Type out the listing below exactly. Pictures stay out of it.

● **Information provided**:

=== Begin Enclosure ===

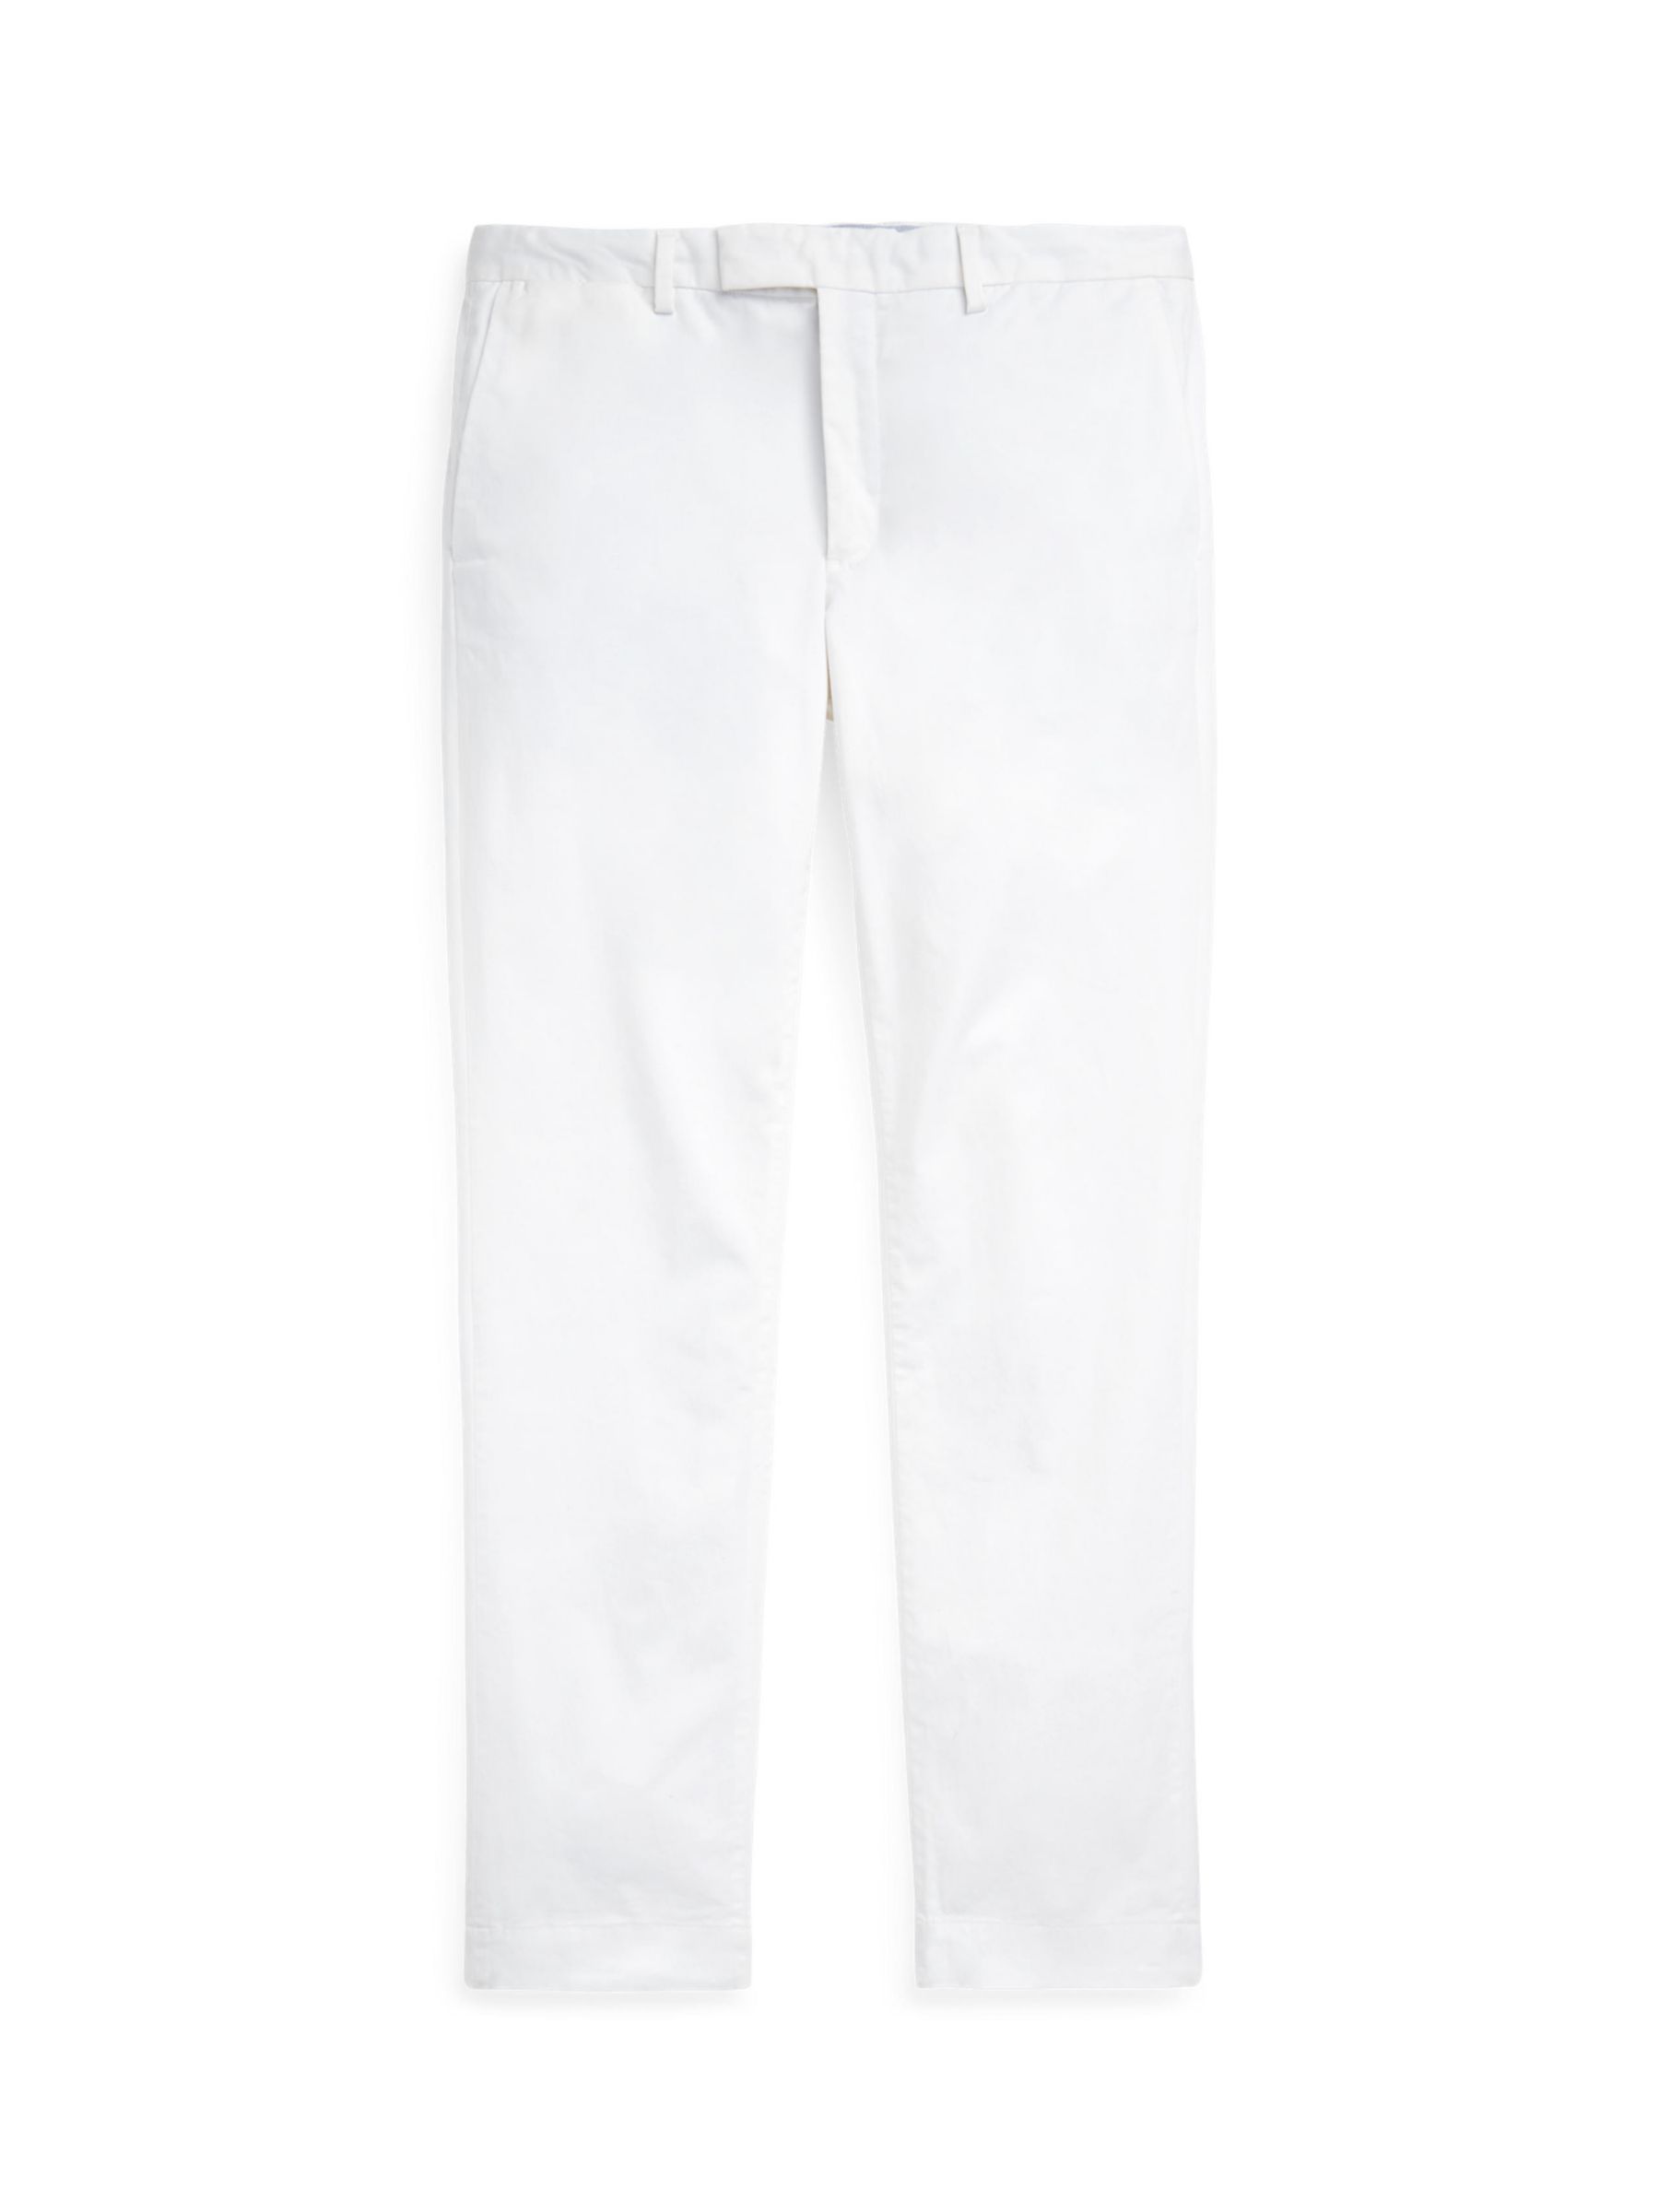 Ralph Lauren Slim Stretch Chino Trousers, White at John Lewis & Partners
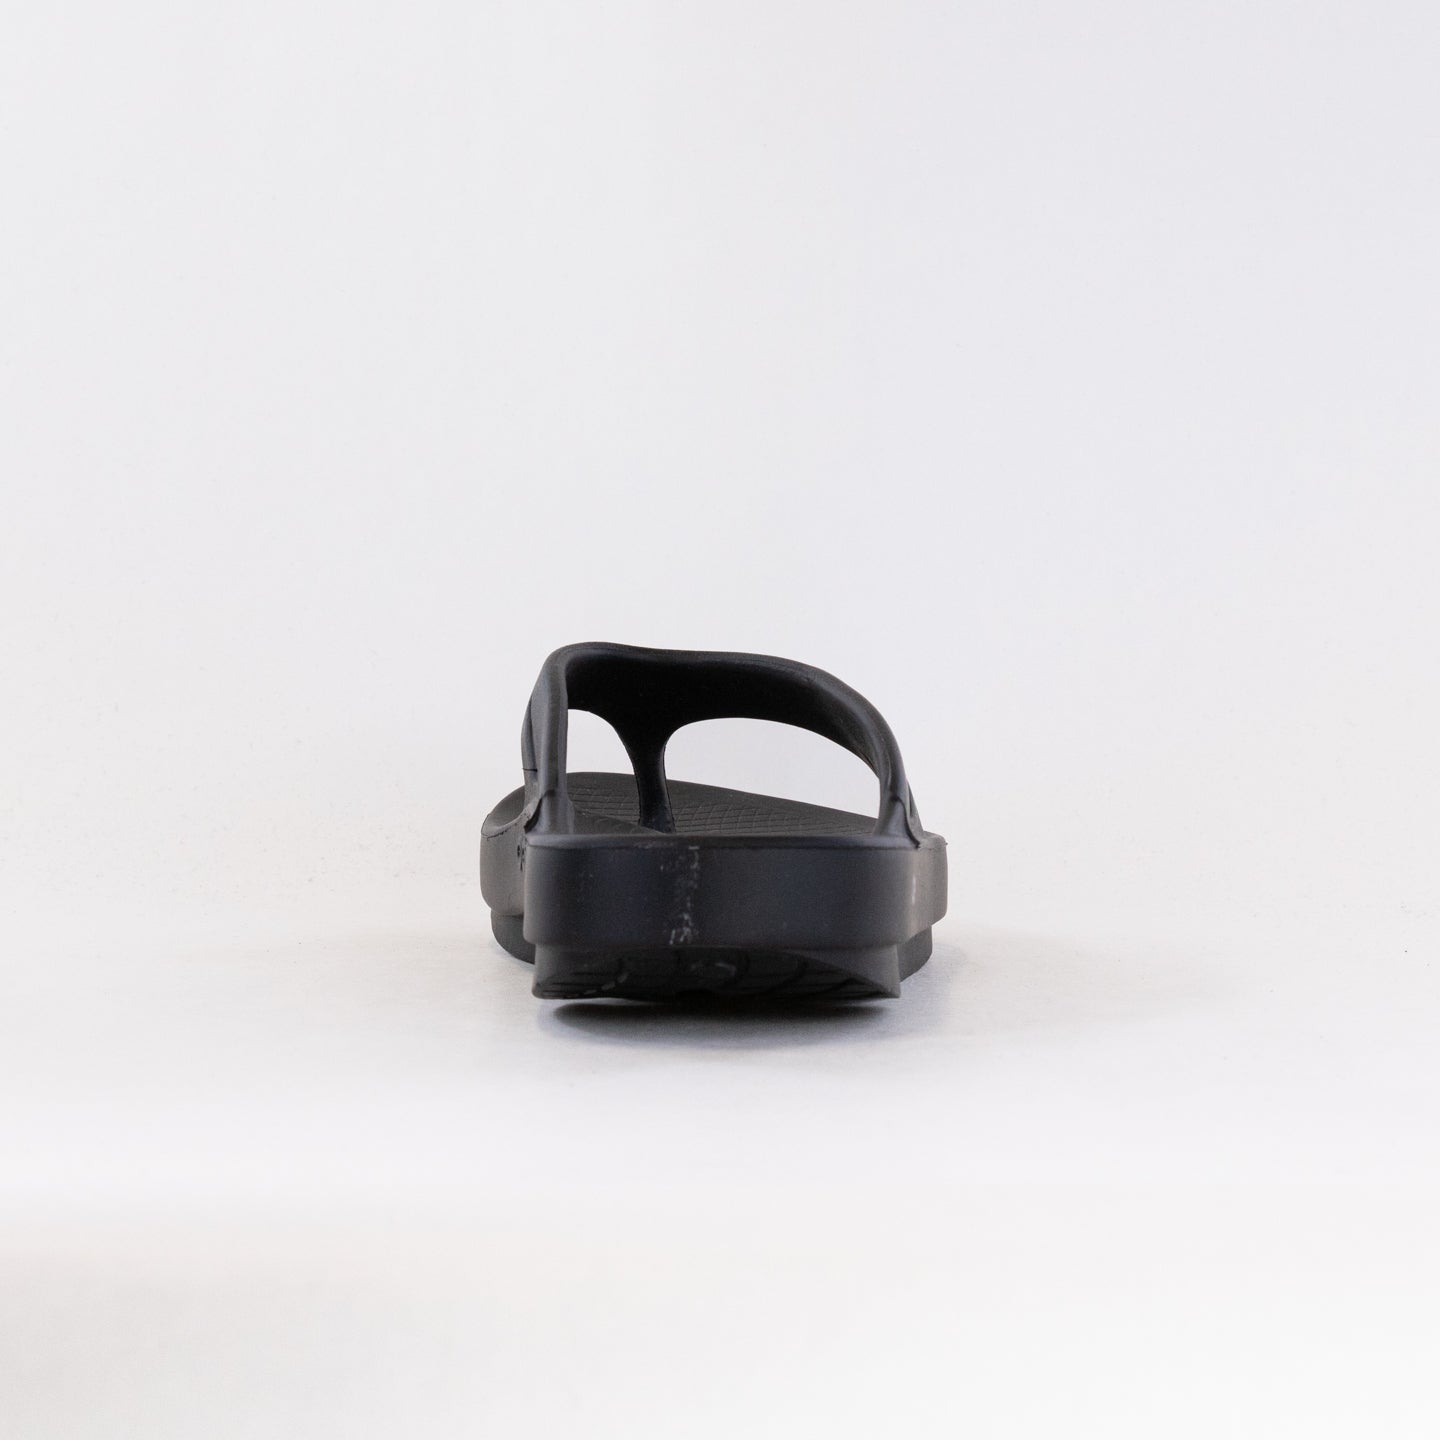 OOFOS Original Sandal (Unisex) - Black
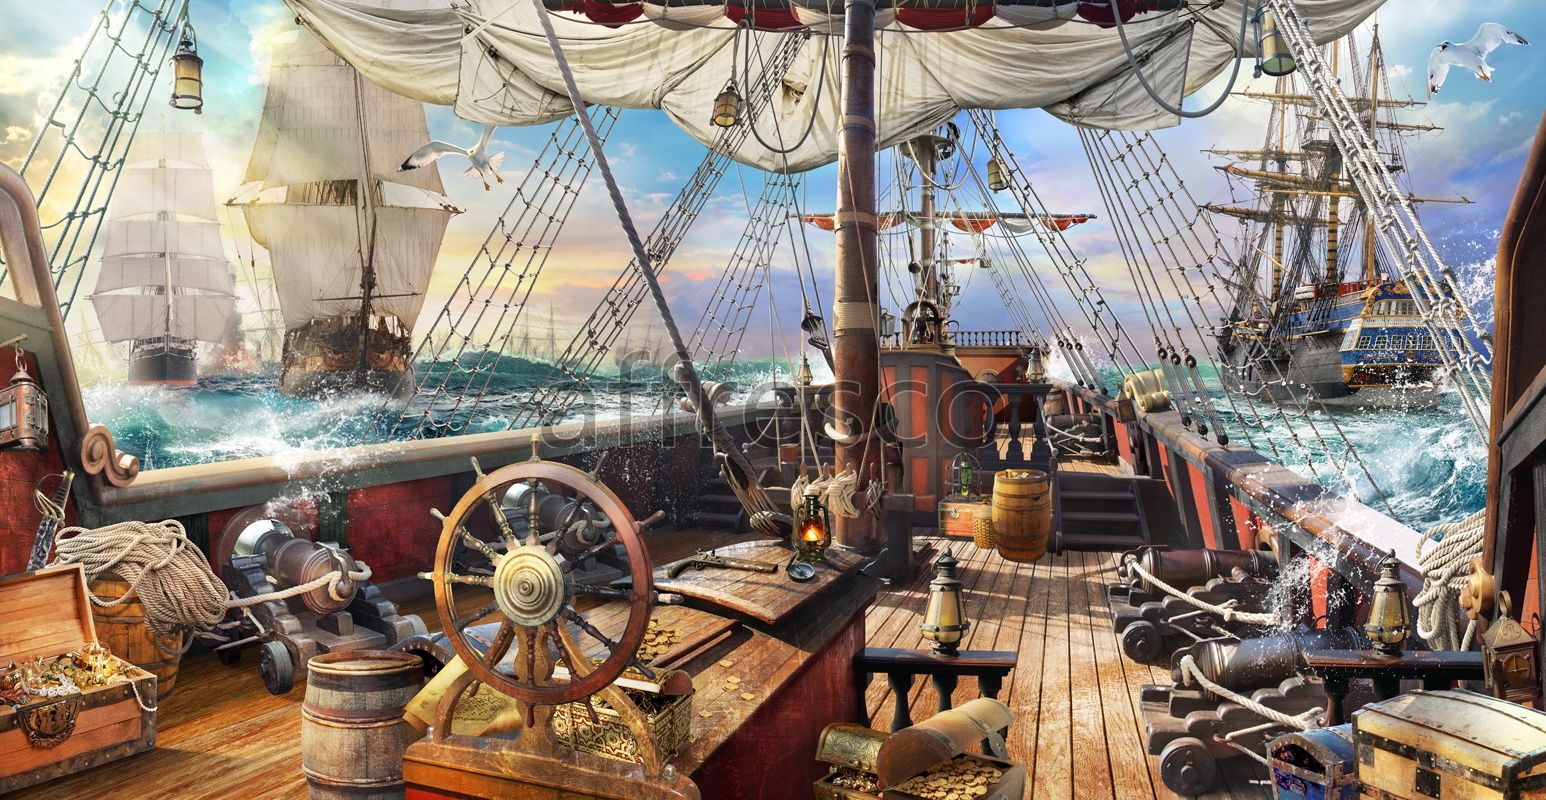 Pirate Ship Deck Background

=== End Enclosure ===

● **Solution to this exercise**:
 Ralph Lauren Slim Stretch Chino Trousers, White at John Lewis & Partners
 OOFOS Original Sandal (Unisex) - Black
 Pirate Ship Deck Background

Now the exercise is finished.